Dal punto di vista analitico, stabilito il sistema di riferimento, le relazioni tra fotogramma e oggetto dipendono da 9 parametri che descrivono la posizione della lastra nello spazio (orientamento esterno) e le caratteristiche geometriche della camera (orientamento interno).
Orientamento interno:
Orientamento esterno:
Il presupposto fondamentale per l’impiego del metodo del raddrizzamento è che l’oggetto da rilevare sia piano.
Nella realtà operativa questa condizione geometrica non è mai riscontrata in modo completo: basti pensare alle ondulazioni del terreno o alle sporgenze su una facciata di un edificio. Quando si raddrizza una fotografia è necessario perciò valutare gli errori causati dallo scostamento dal piano di riferimento sul quale giacciono i punti o le linee di controllo.
Il raddrizzamento viene considerato corretto se lo spostamento in ogni punto dell’immagine è contenuto entro l’errore di graficismo.
Nei fotopiani si considera come piano di riferimento il piano di campagna (p.e. il piano stradale); la verifica va dunque fatta non alla quota di gronda (dove in pratica si è sempre fuori tolleranza) ma al piede degli edifici.
Una volta ottenuti, i fotogrammi raddrizzati si possono unire in modo da ottenere un mosaico che costituisce la carta fotografica.
L’obiettivo delle tecniche di mosaicatura digitale è di mantenere la precisione geometrica delle singole immagini generando un’unica immagine somma delle altre ed eliminando le differenze radiometriche esistenti tra le immagini di partenza, dovute alla differente illuminazione in fase di presa o ad errori della scansione.
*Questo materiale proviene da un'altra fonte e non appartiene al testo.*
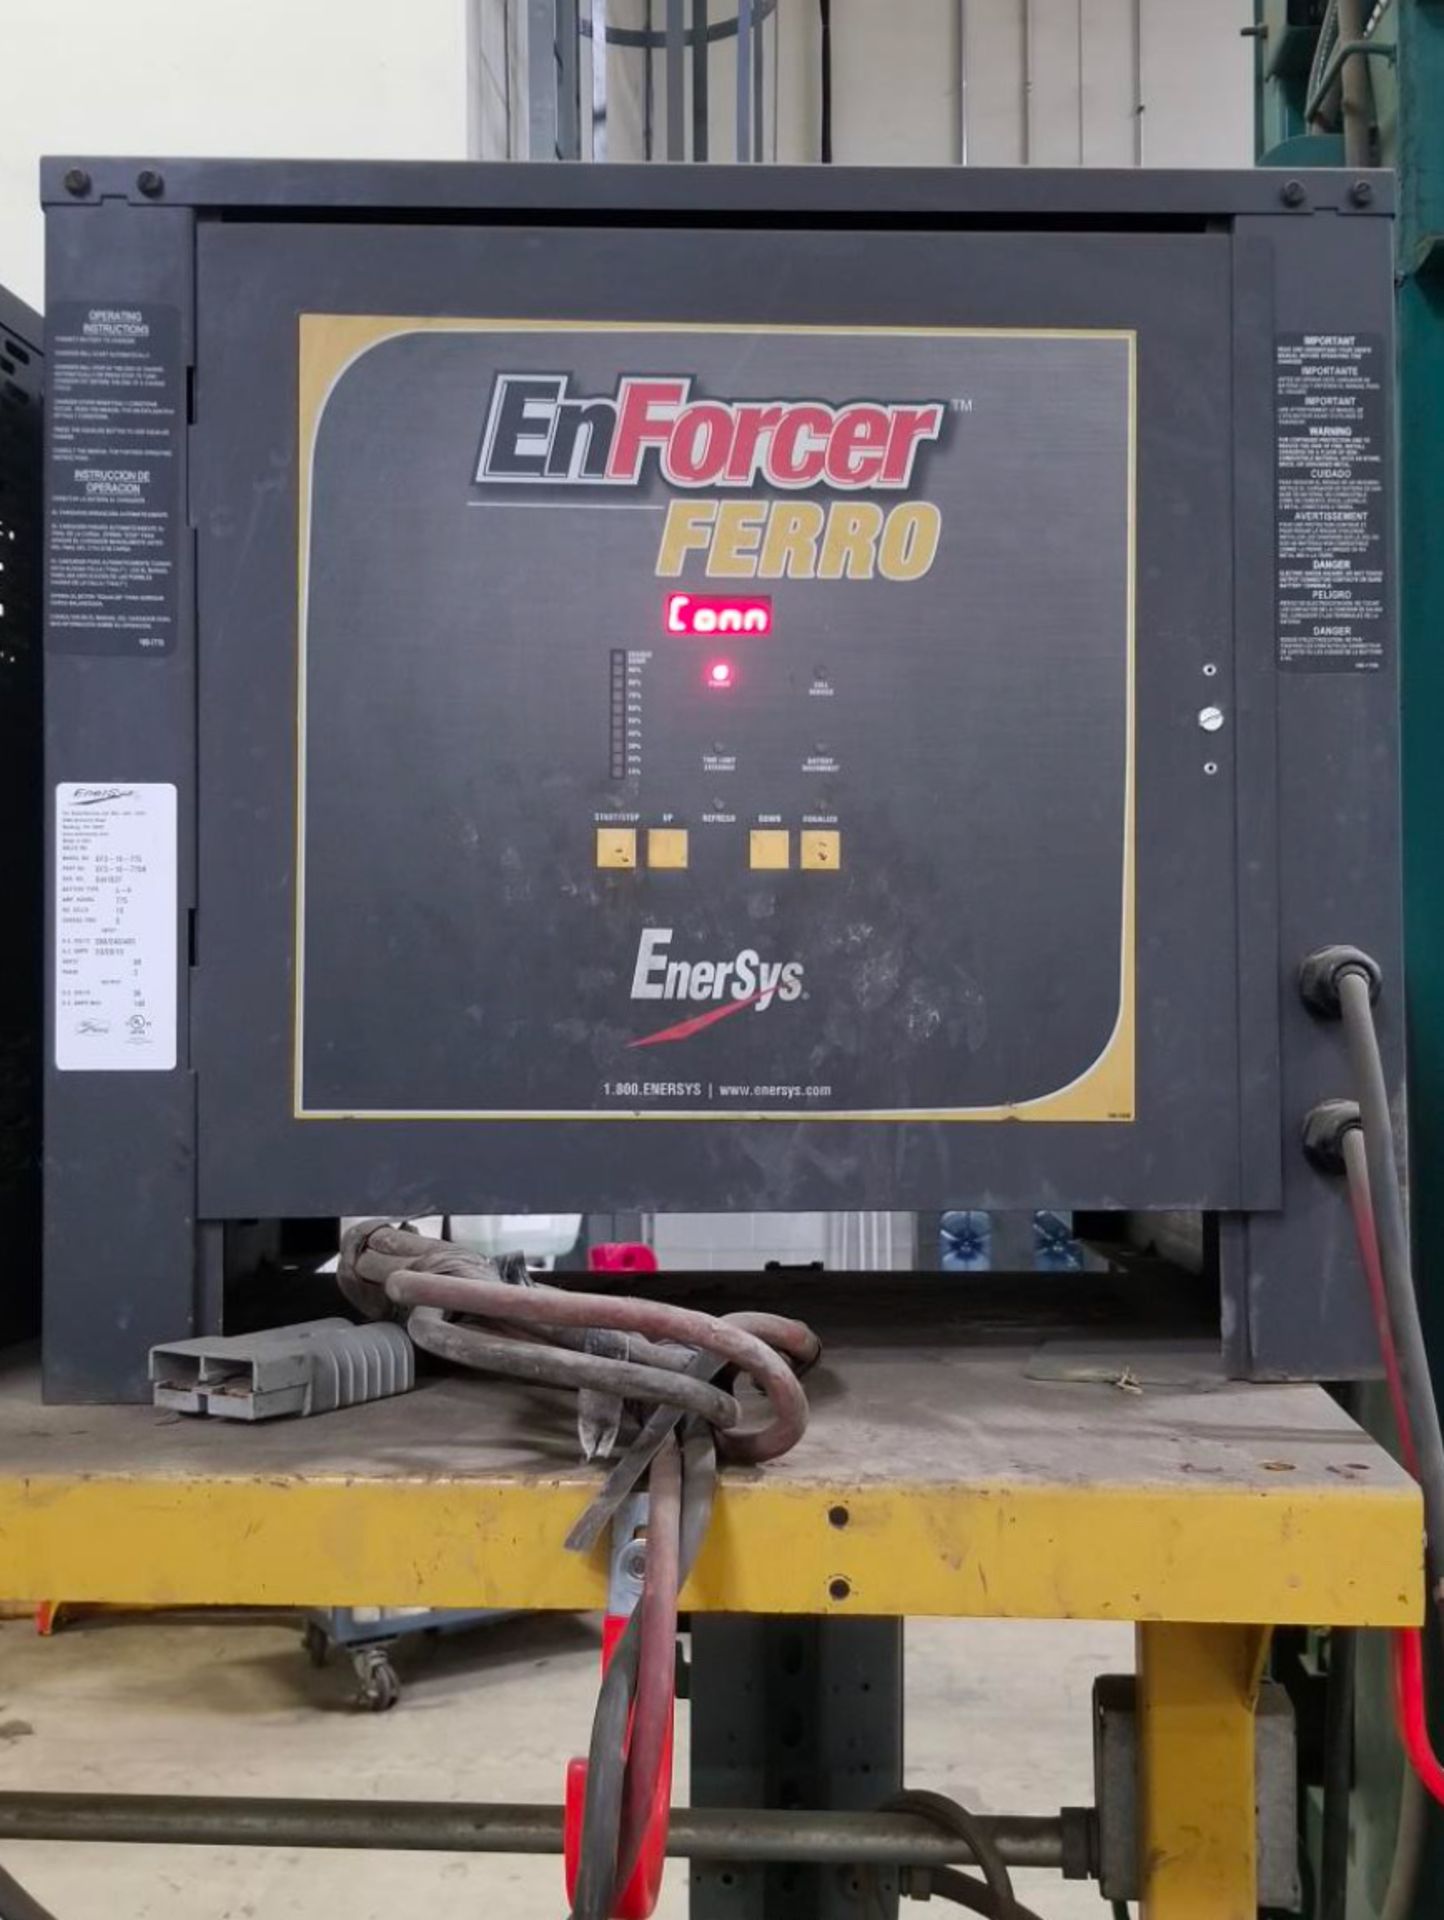 (4) Enersys Enforcer Ferro Forklift Battery Chargers, 36V / 140 Amps Max, Models EF3-18-775 - Image 7 of 10

Dal punto di vista geometrico, generalmente si chiede che le due immagini di partenza abbiano lo stesso sistema di riferimento assoluto mentre, per l’aspetto radiometrico, visto che nell’area di sovrapposizione delle due immagini vanno determinati nuovi valori dei livelli di grigio o di colore, è ovvio che più le immagini sono simili come tonalità, migliore sarà il risultato del procedimento.